Stock markets have declined in four of the last five sessions, including a 143-point decline on Thursday. Rising fears of a recession in the United States are driving the bearish climate. The big concern is that a slowdown here could have a domino effect and spread to the global economies. Japanese markets fell on this concern and China, while still growing impressively, has downgraded its GDP growth for 2008.
The weak investor sentiment is reflected in the new-high/new-low (NHNL) ratio, a simple measure of the number of stocks touching a new 52-week high versus the number of stocks that have declined to new 52-week lows. Markets are bearish when fewer new highs are made and the NHNL ratio will tend to decline, thereby giving you a warning. This is what we are seeing at this juncture and it has been a warning for some time now.

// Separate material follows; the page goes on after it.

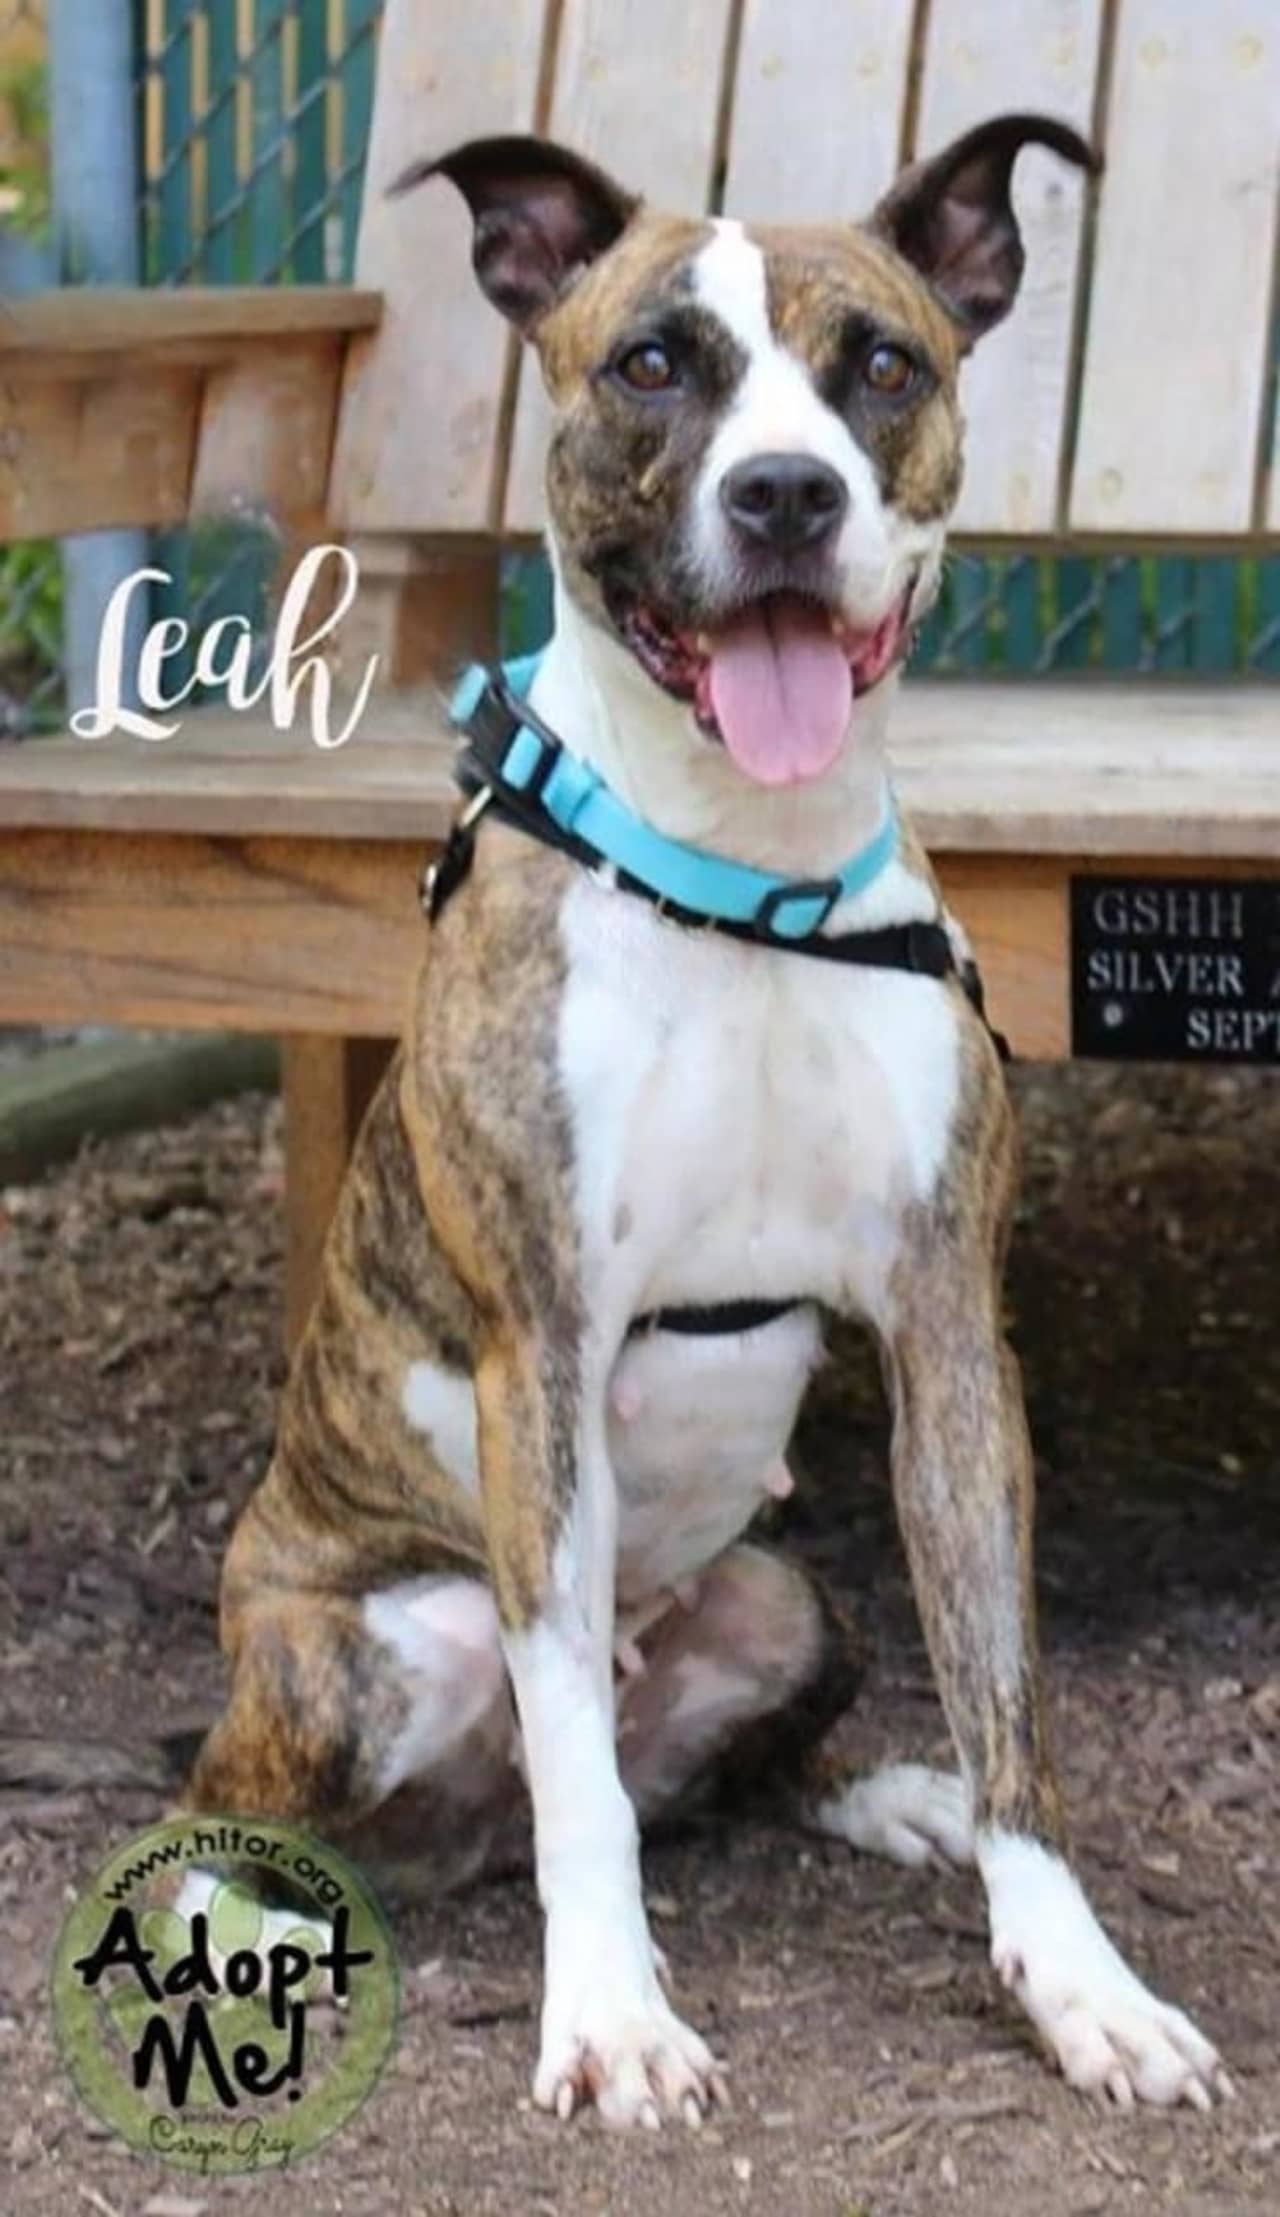 Leah, a terrier mix, is up for adoption at the Hi Tor Animal Shelter in Pomona.

On the big board, the NHNL on the New York Stock Exchange (NYSE) continues to be largely neutral and a warning flag, with readings below the bullish 70% level. After an extended period of bearish sub-20% readings, investor sentiment on the NYSE has improved over the last several weeks, but there have only been two readings above the bullish 70% level since November 1, 2007, and this is not supportive of any sustainable market gains until we see improvement with investor sentiment.
On the technology front, we are seeing a similar situation, as the NHNL ratio on the NASDAQ has also seen some improvement, but there has not seen a bullish reading since October 11, 2007, over four months back. Investor sentiment towards the technology sector has been bearish 70% of the time, going back nearly seven weeks, and the near-term trend is down. Again, don’t expect to see improvement in technology unless investor sentiment improves and buying materializes.
My advice to you now is to hang tight and avoid making any major trades unless you have a stomach for risk and the possibility of losing major capital.